Overall, all three Wikiprojects show an increase in quaity growth. Compared to WikiProject India, the quality of WikiProject Africa articles are growing at a slower rate. While WikiProject Africa articles started with a higher quality rate, India articles quickly surpass their quality around 2006. WikiProject Africa articles also seem to take a slight dip around the 2012 mark.
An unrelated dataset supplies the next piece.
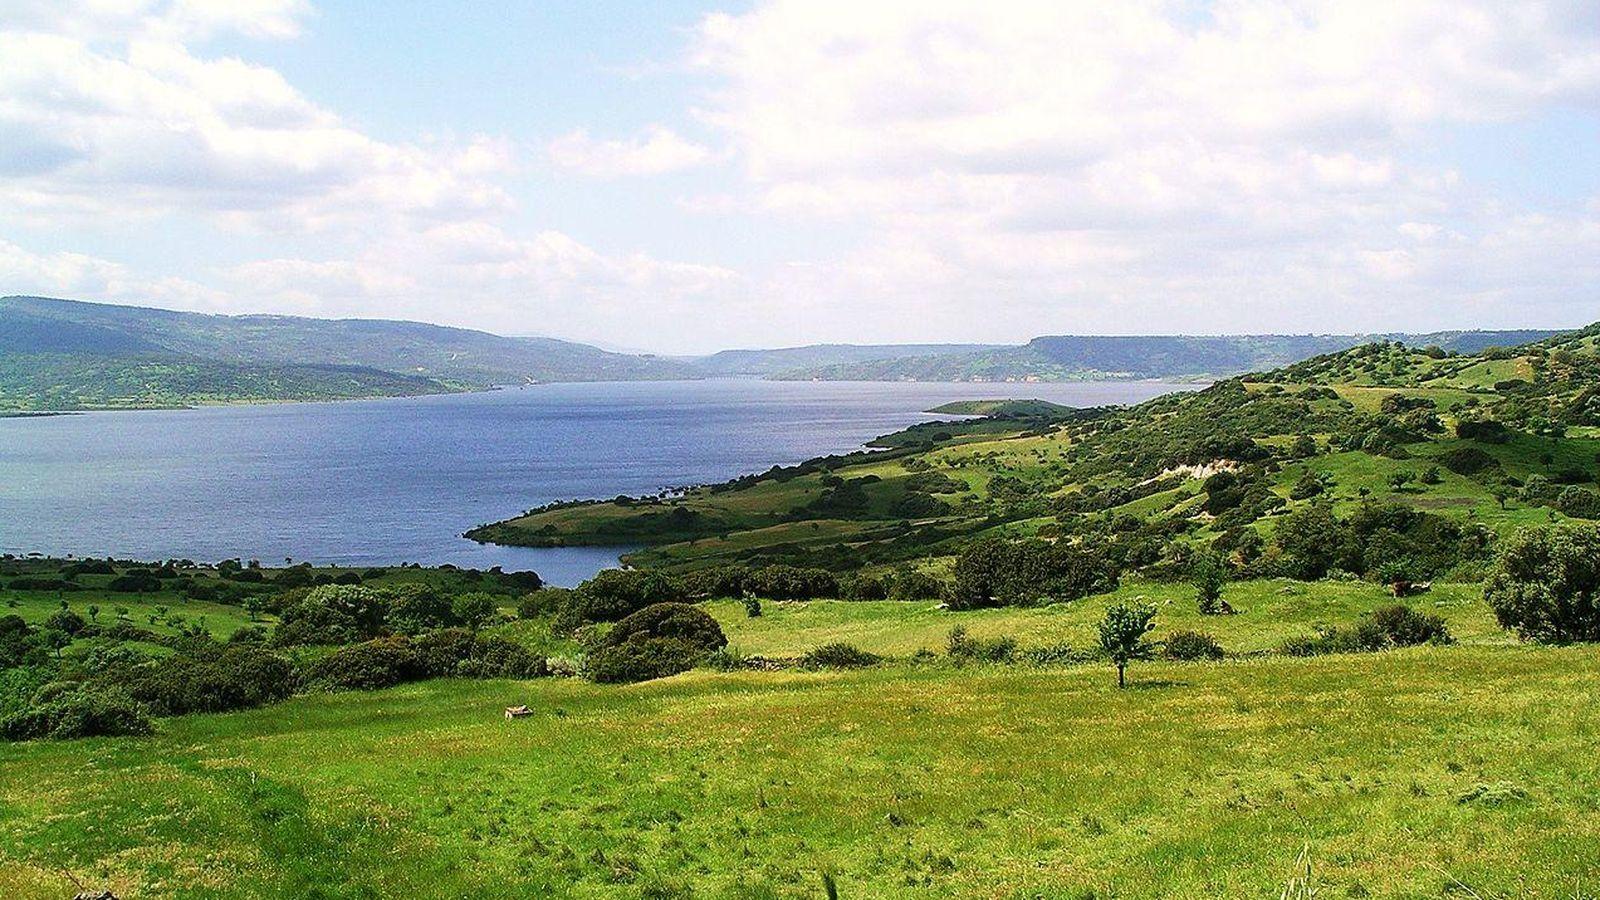 Foto: El lago Omodeo es la reserva natural más grande de Italia. (CC/Max.oppo)

Wikiproject Nepal articles show a sudden increase around 2008 but stay signficantly below the quality of India and Africa articles.

fig, ax = plt.subplots(nrows=2,ncols=3)

plt.subplot(2,3,1)
plt.plot(indiawiki_ts,indiawiki_stub, '-', label = "Stub")
plt.plot(africawiki_ts,africawiki_stub, '--', label = "Stub")
plt.plot(nepalwiki_ts,nepalwiki_stub, '-.', label = "Stub")
plt.title("Stub")
plt.subplot(2,3,2)
plt.plot(indiawiki_ts,indiawiki_start, '-', label = "Start")
plt.plot(africawiki_ts,africawiki_start, '--', label = "Start")
plt.plot(nepalwiki_ts,nepalwiki_start, '-.', label = "Start")
plt.title("Start")
plt.subplot(2,3,3)
plt.plot(indiawiki_ts,indiawiki_c, '-', label = "C")
plt.plot(africawiki_ts,africawiki_c, '--', label = "C")
plt.plot(nepalwiki_ts,nepalwiki_c, '-.', label = "C")
plt.title("C")
plt.subplot(2,3,4)
plt.plot(indiawiki_ts,indiawiki_b, '-', label = "B")
plt.plot(africawiki_ts,africawiki_b, '--', label = "B")
plt.plot(nepalwiki_ts,nepalwiki_b, '-.', label = "B")
plt.title("B")
plt.subplot(2,3,5)
plt.plot(indiawiki_ts,indiawiki_ga, '-', label = "GA")
plt.plot(africawiki_ts,africawiki_ga, '--', label = "GA")
plt.plot(nepalwiki_ts,nepalwiki_ga, '-.', label = "GA")
plt.title("GA")
plt.subplot(2,3,6)
plt.plot(indiawiki_ts,indiawiki_fa, '-', label = "FA")
plt.plot(africawiki_ts,africawiki_fa, '--', label = "FA")
plt.plot(nepalwiki_ts,nepalwiki_fa, '-.', label = "FA")
plt.title("FA")

plt.tight_layout()
plt.plot(indiawiki_ts,indiawiki_stub, '-', label = "IndiaWiki Stub")
plt.plot(africawiki_ts,africawiki_stub, '--', label = "AfricaWiki Stub")
plt.plot(nepalwiki_ts,nepalwiki_stub, '-.', label = "NepalWiki Stub")
plt.title("Stub")
plt.legend(loc = 'upper left')
plt.xlabel('Time(s)')
plt.ylabel('Proportion of all "possible articles')
<matplotlib.text.Text at 0x7ff78cc88240>

The propostion of articles falling into the "Stub" class shows a unique trend for WikiProject Nepal articles. It appears WikiProject Nepal stub articles had a sudden and signficant jump in quality around 2008, surpassing the mean weighted sum of both WikiProject Africa and India articles.

5. Plot Quality Gap

from operator import sub
wsdiff = list(map(sub, africawiki_ws, indiawiki_ws))
plt.plot(africawiki_ts, wsdiff, '-')
plt.axhline(0, color = "black")
plt.xlabel('Time(s)')
plt.ylabel('WikiProject India and Africa Quality Gap')
<matplotlib.text.Text at 0x7ff78ccf0828>

The above plot show the quality of WikiProject Africa articles surpassed the quality of WikiProject India Articles until around 2006, when their quality suddenly decreased in comparison.